Skip the pictures. Give all the data again exactly.

| Recorded data |
"""

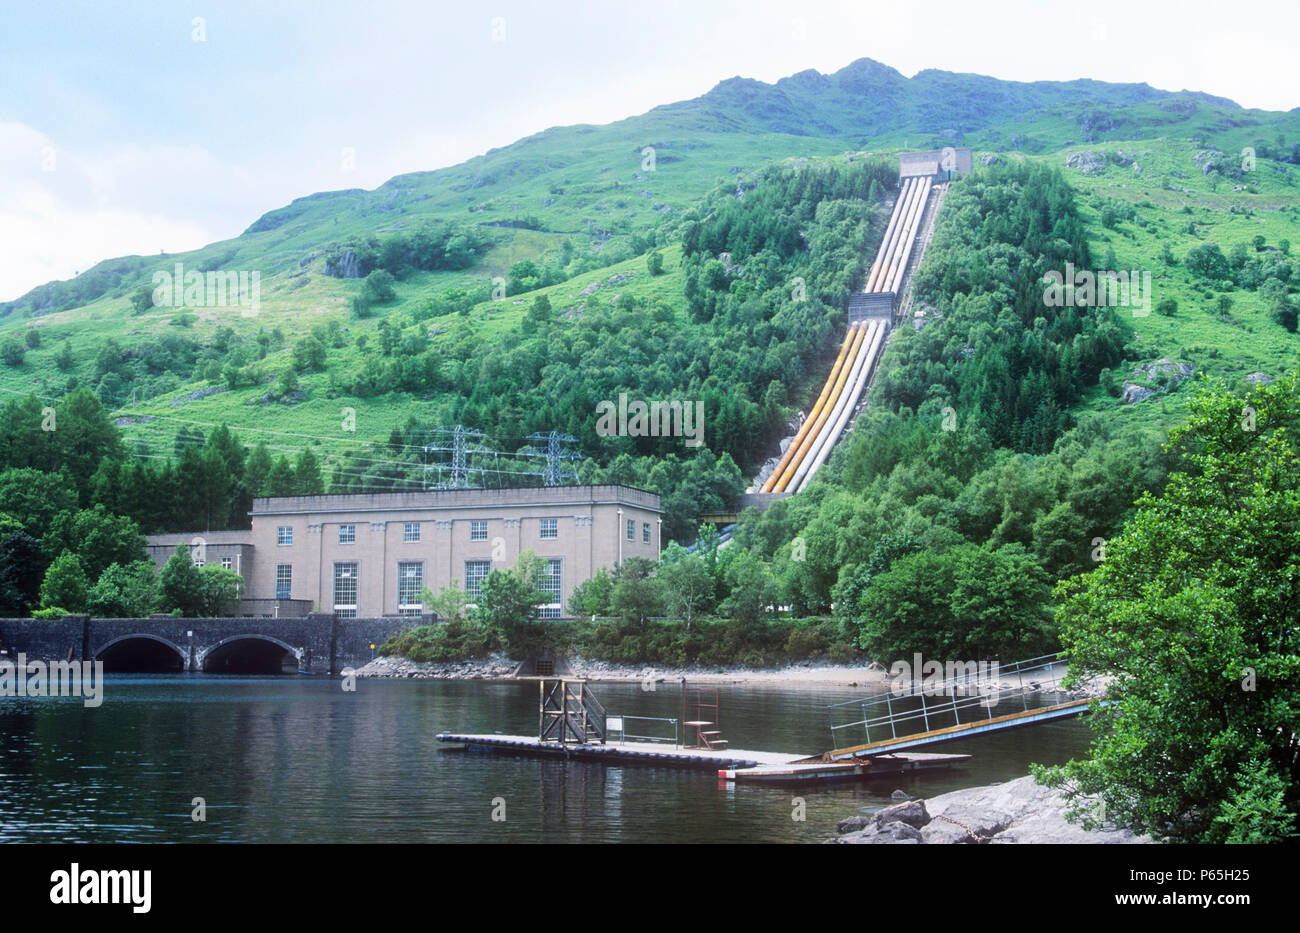 A hydro electric power station on the shores of loch Lomond, Scotland, UK Stock Photo
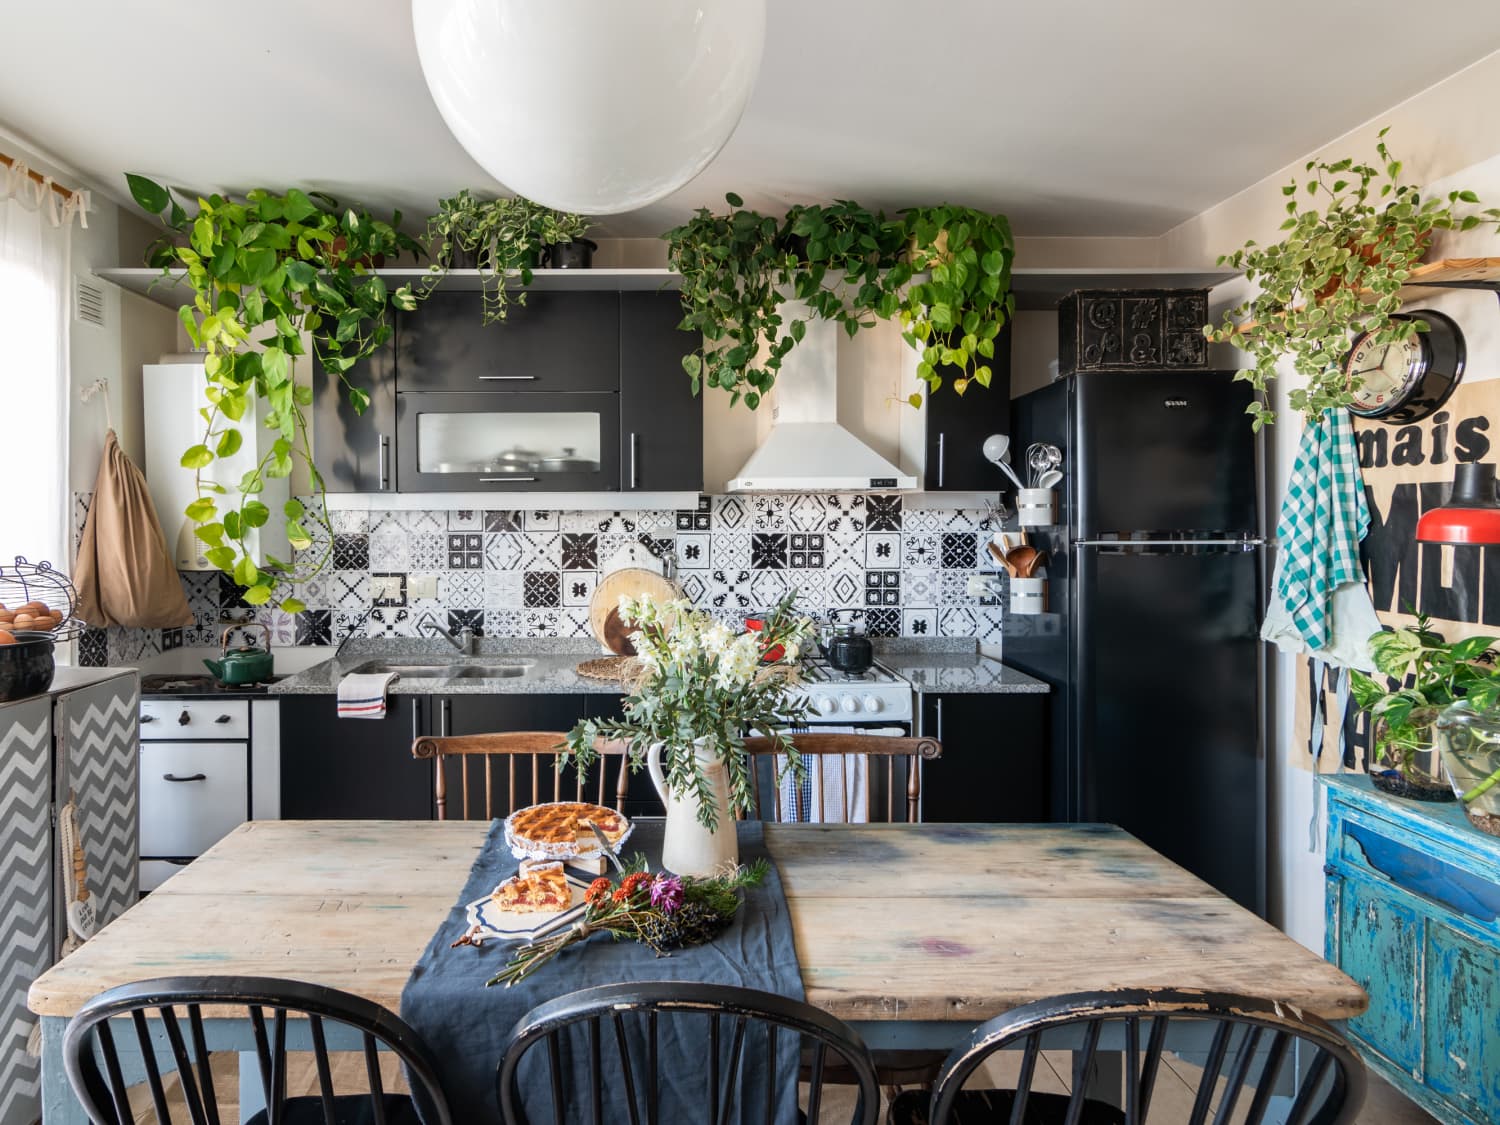 Bohemian Kitchen Inspirations: Plants, Patterns, and More ...
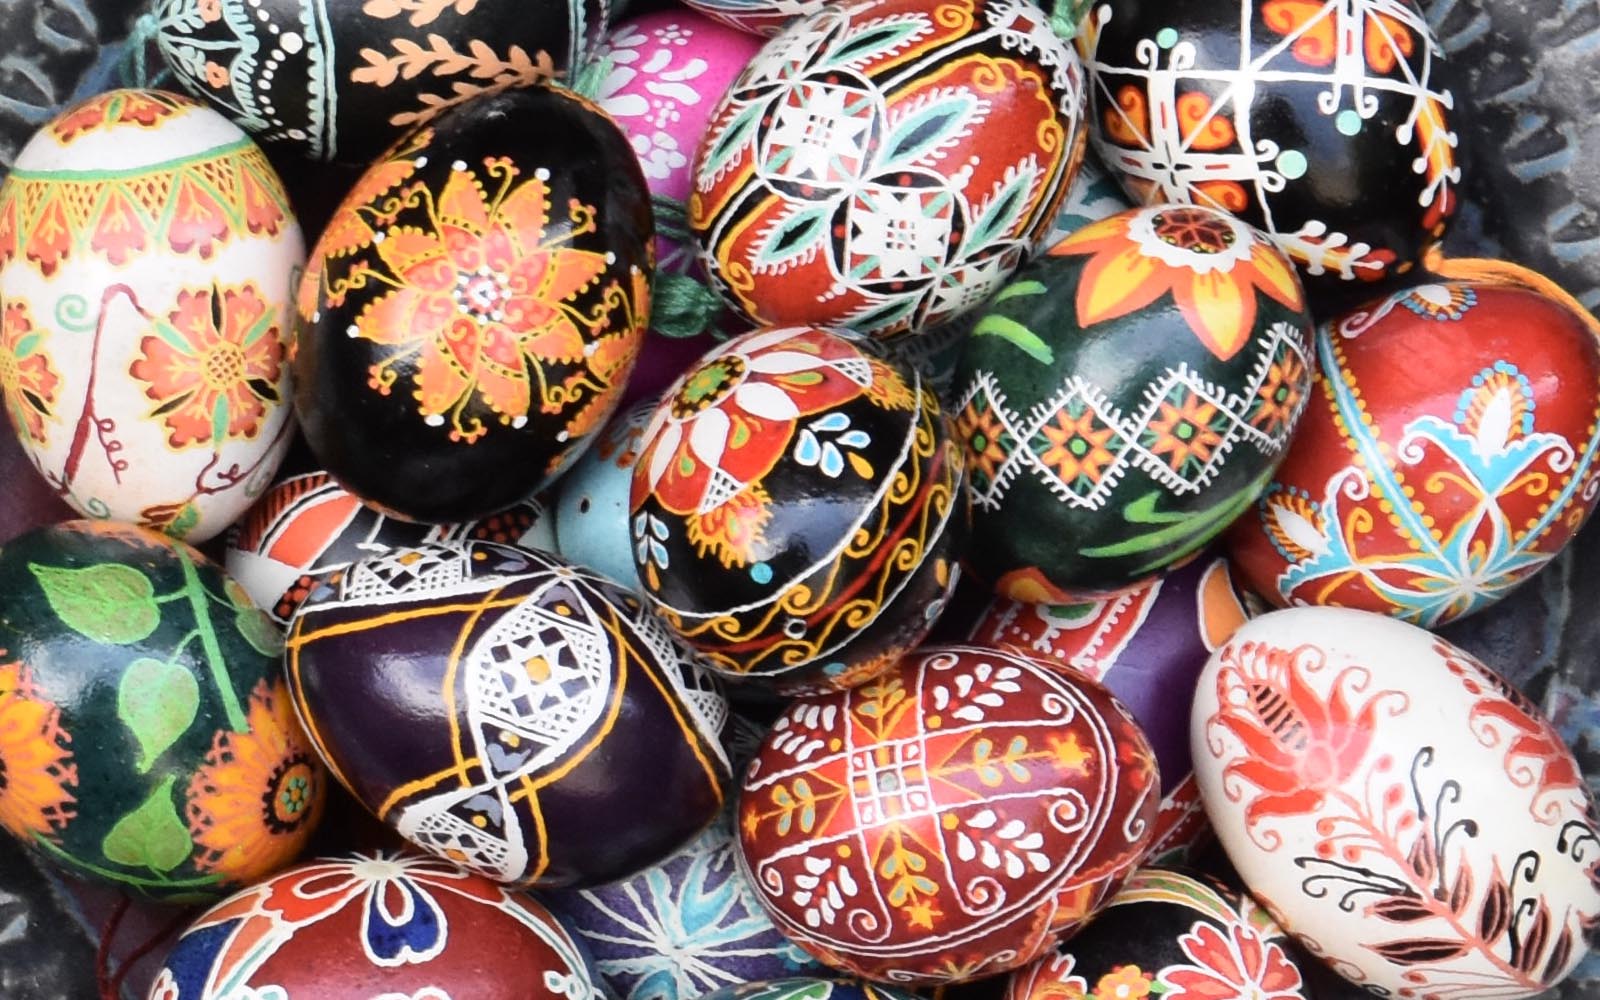 A bowl full of decorated pysanky eggs.
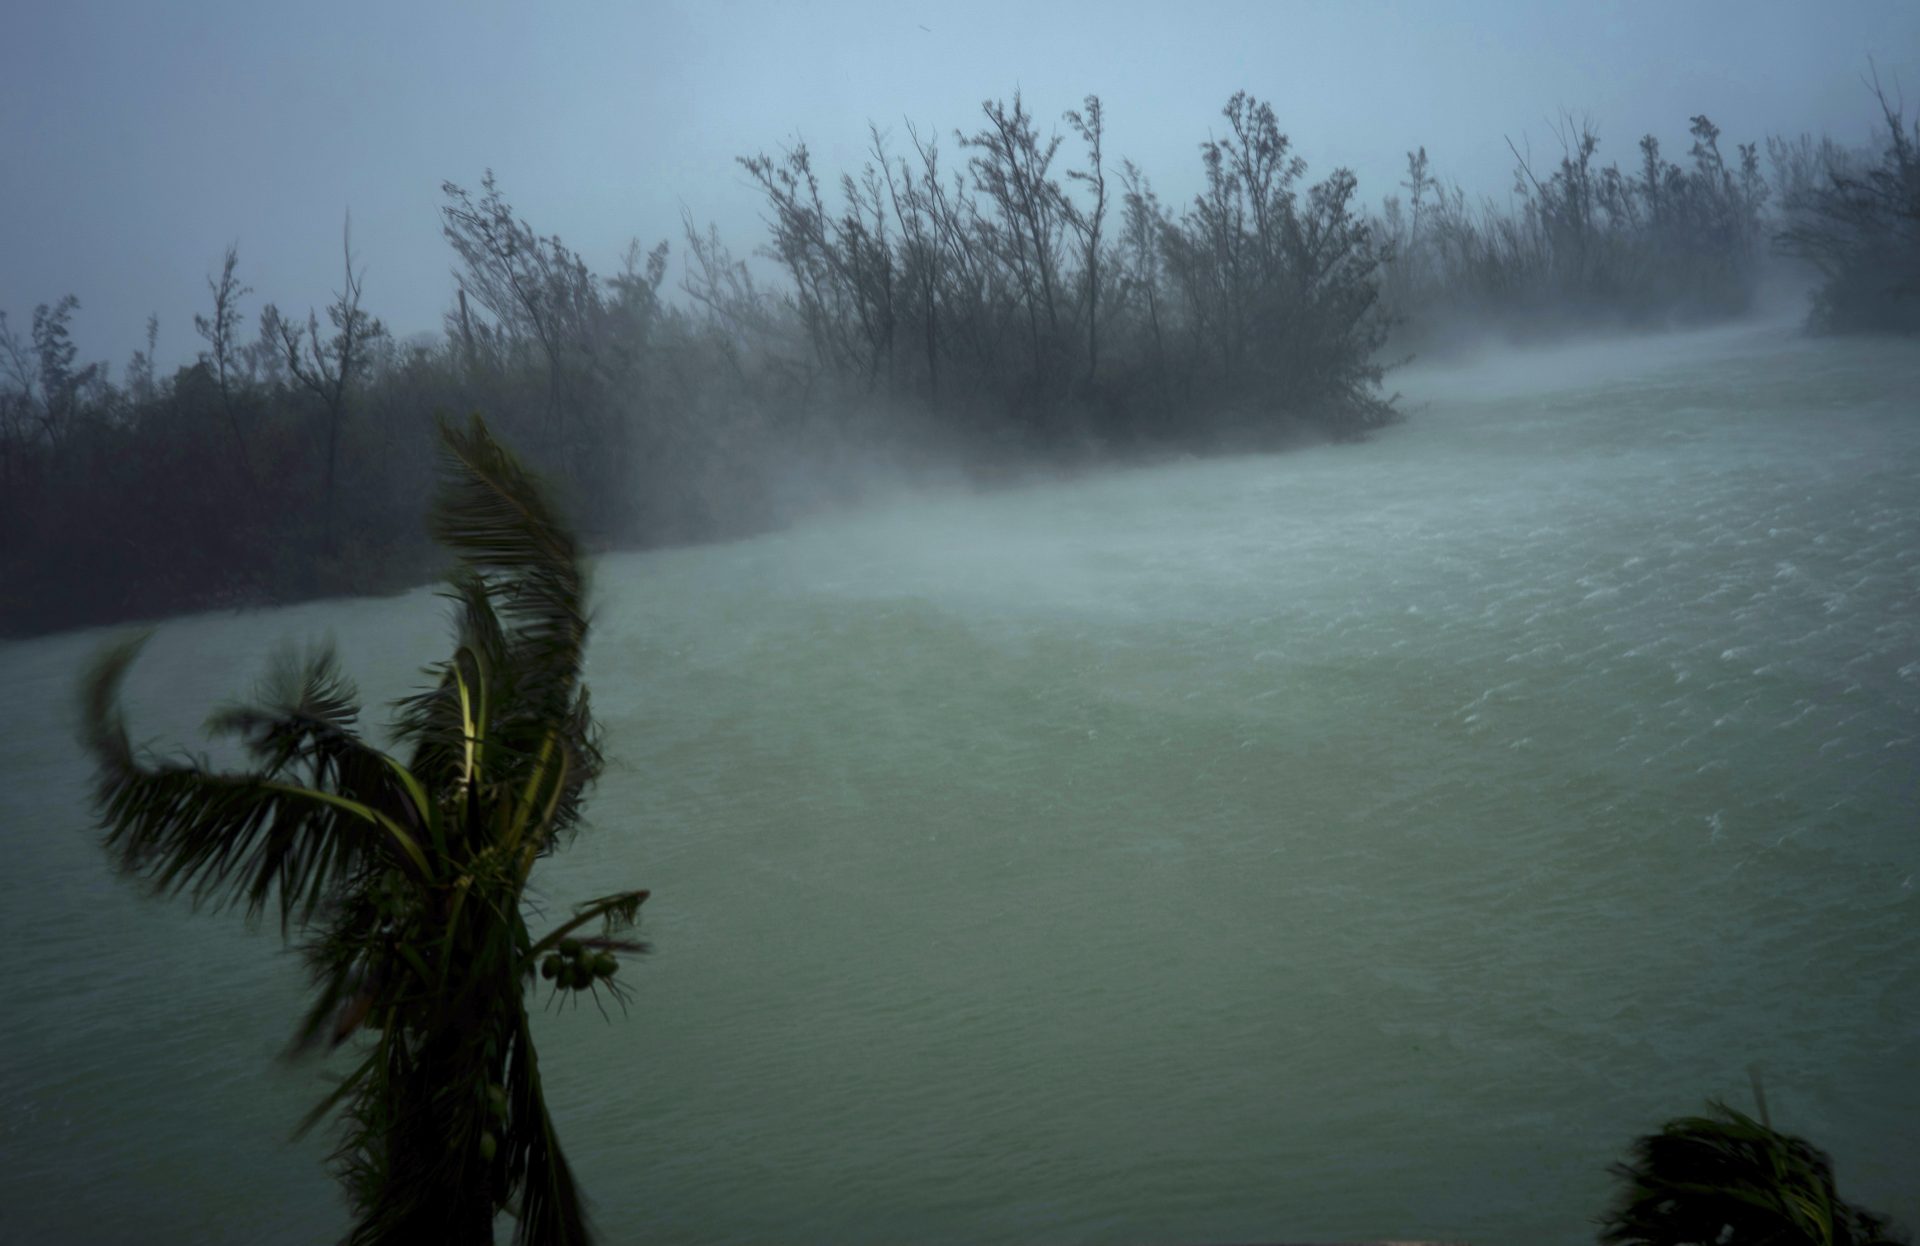 Strong winds from Hurricane Dorian blow the tops of trees and brush while whisking up water from the surface of a canal that leads to the sea, located behind the brush at top, seen from the balcony of a hotel in Freeport, Grand Bahama, Bahamas, Monday, Sept. 2, 2019. Hurricane Dorian hovered over the Bahamas on Monday, pummeling the islands with a fearsome Category 4 assault that forced even rescue crews to take shelter until the onslaught passes.

"""

| Answer below |
 A hydro electric power station on the shores of loch Lomond, Scotland, UK Stock Photo
 Bohemian Kitchen Inspirations: Plants, Patterns, and More ...
 A bowl full of decorated pysanky eggs.
 Strong winds from Hurricane Dorian blow the tops of trees and brush while whisking up water from the surface of a canal that leads to the sea, located behind the brush at top, seen from the balcony of a hotel in Freeport, Grand Bahama, Bahamas, Monday, Sept. 2, 2019. Hurricane Dorian hovered over the Bahamas on Monday, pummeling the islands with a fearsome Category 4 assault that forced even rescue crews to take shelter until the onslaught passes.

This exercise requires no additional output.